Between the howling, screeching and general shrillness of the guitar, I was turned of, to say the least.

I love the shape of these guitars, but I didn't get along with those pups.
Lollars have a great rep and get tons of praise, so you should be better off.

Will you be able to upload your findings? I'm intersted in the outcome.


----------



## Firebird1991 (Nov 11, 2012)

Hey there,

I have a 1991 Cherry Red Firebird.

Searched long and hard for the vintage bird neck pickup tone.

The bridge pu sounds pretty decent.

However, the neck pu sounded nothing like a vintage bird (ie Johnny Winter).

Long story short, I now have a Seymour Duncan Antiquity 2 pu from the custom shop in the neck position (new cover/not aged) and lightly potted. Installed a 500k volume pot for the neck. Now it sounds amazing.

Would like to hear how you find the Lollar's (I heard these pickups sound fantastic but not 100% vintage which
is not always a bad thing).

Let me know if you require anything.

I also considered Novak or Klein pickups for pure vintage tone - however, SD provided top notch help/correspondence.

Cheers
John


----------



## Roryfan (Apr 19, 2010)

sulphur said:


> Subscribed!
> 
> Years ago, I was in an L&M guitar shopping.
> I'd tried out several Gibsons with humbuckers in the isolation booth.
> ...


Ever consider the Firebird Studio?
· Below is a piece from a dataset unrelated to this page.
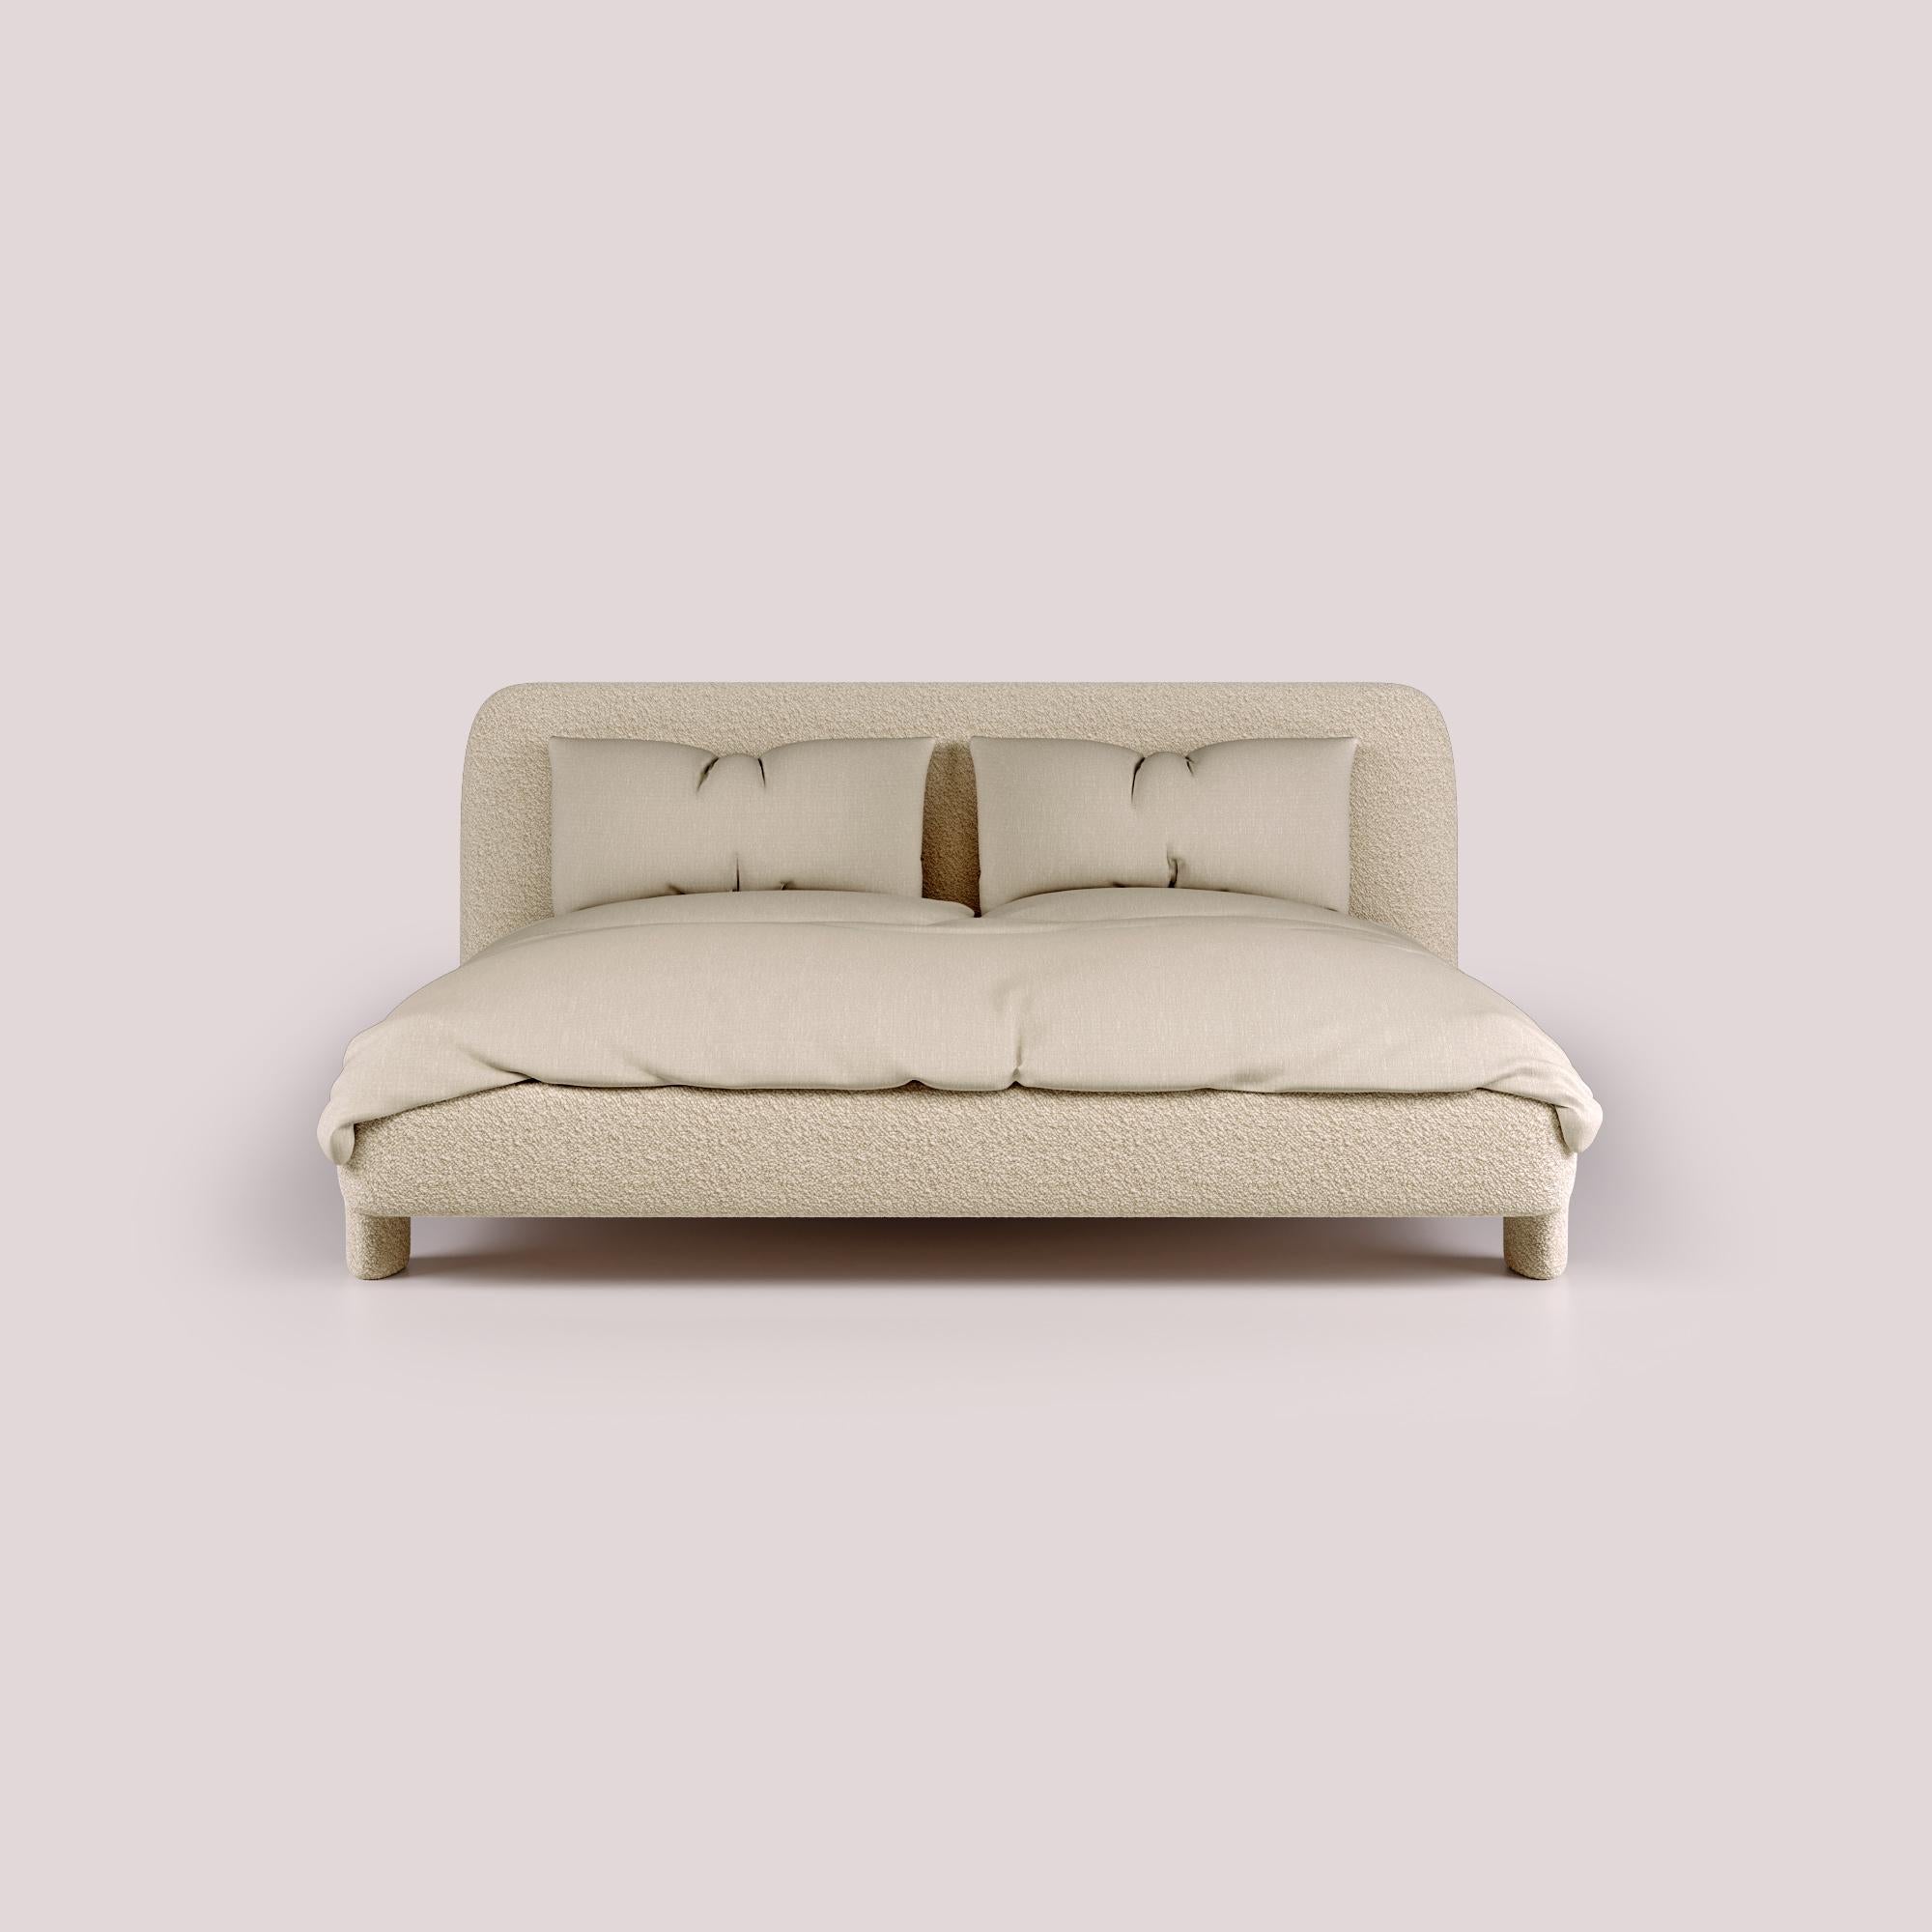 Treten Sie ein in das Reich des unvergleichlichen Luxus mit dem Bold Double Bed, in dem Komfort auf Opulenz trifft, um einen Ort der Ruhe und Entspannung zu schaffen. Die nahtlose Verschmelzung von überragendem Komfort und außergewöhnlichem Design

Same fiery shape, but w/ two humbuckers.


----------



## gtone (Nov 1, 2009)

The modern high output ceramic minis are NOTHING like the lower output alnicos that were used in Firebirds in days of yore. Day and night tonal difference, really. If you want Johnny Winter's tone, you won't find it in the modern ceramic minis by a long shot. The Lollars and Antiquities with their alnico mags and more modest outputs would get you closer if they were near the 5-6 K range.


----------



## Firebird1991 (Nov 11, 2012)

Hey gtone - you are absolutely correct.

Hence my reason for installing the SD Antiquity Firebird pu.
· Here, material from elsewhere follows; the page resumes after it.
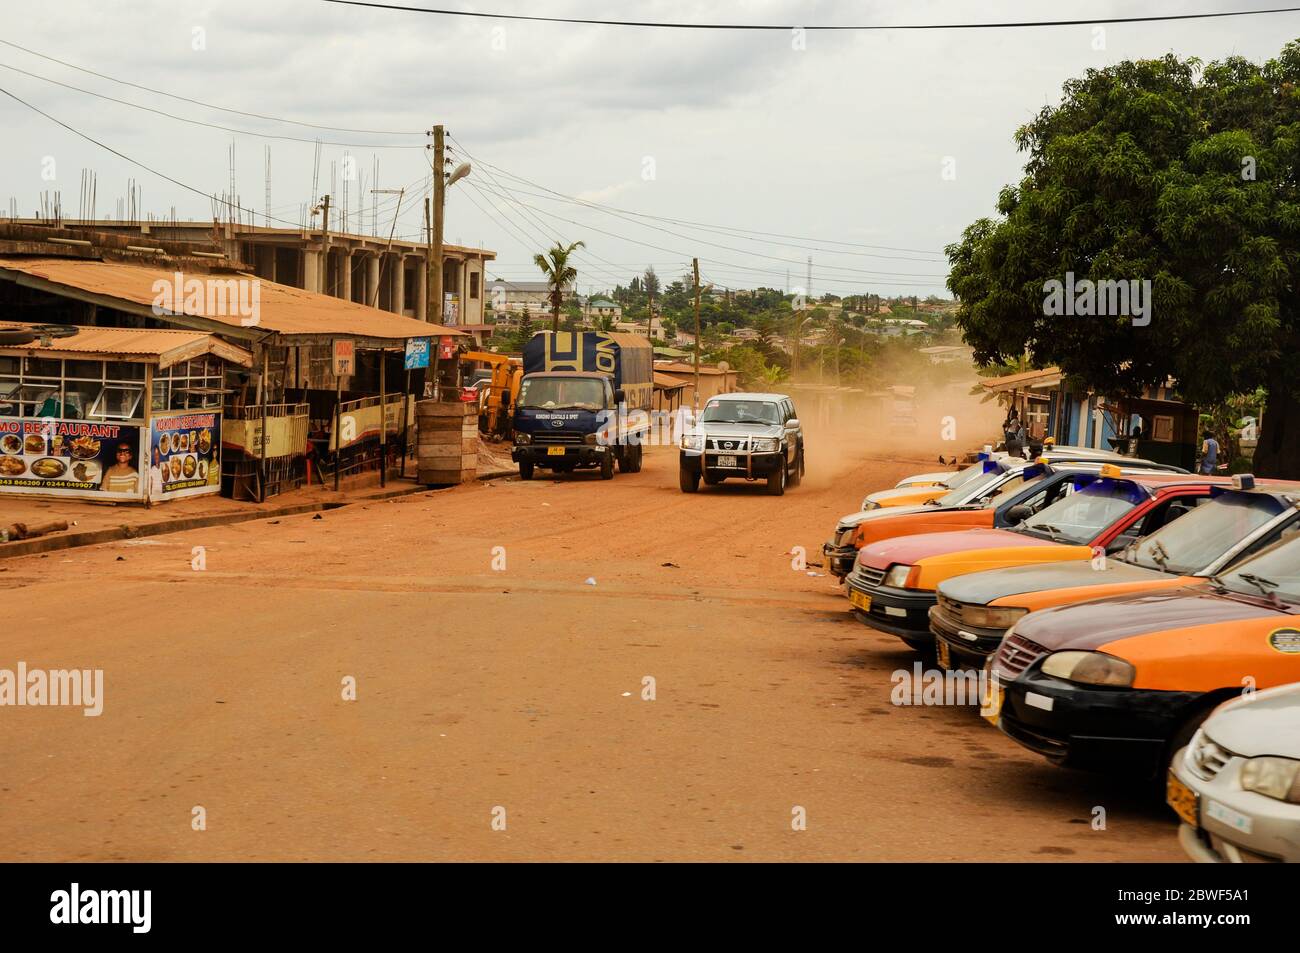 Una strada sterrata e ghiaiosa che attraversa un povero villaggio africano - Accra, Ghana, Africa Foto Stock

Approx. 6.25 -very clear and not muddy at all. However, as confirmed by a rep at Seymour Duncan,
vintage firebird pickups are noisier than regular humbuckers due to construction.

Cheers 
John


----------



## gtone (Nov 1, 2009)

Firebird1991 said:


> However, as confirmed by a rep at Seymour Duncan,
> vintage firebird pickups are noisier than regular humbuckers due to construction.


Noisier indeed - some of the vintage Gibson FB mini's are so microphonic you can sing into them (no joke)! Good winders like JS Moore, Lollar, Tom Short, etc. and so on have "workarounds" they can employ to help give you great vintage sounding pu's with a lot less noise. While I've never played a set of SD Antiquities, I've heard they're quite true to the vintage tone/feel and knowing Seymour, probably are a mucher lower-noise proposition than the old Gibby's also.


----------



## KV242 (Jan 6, 2013)

Went to L&M today picked up a mic for weekend, I plan to get the before and after recordings pickups changed by the end of the weekend. Not sure I'll be able to upload the result directly to the forum, but I will certainly find a way to share with those interested in the comparison. 

It was certainly a tough decision as far which direction to go; completely vintage tone vs modified vintage. I looked at so many options, including looking for some original 60's bird pickups. In the end I obviously went with modified. With the reputation and regards giving to the Lollars, I figured I couldn't go wrong. Plus, I'm after more of a Priestess/Rival Sons sound, so I think I'm on the right track with the Lollars.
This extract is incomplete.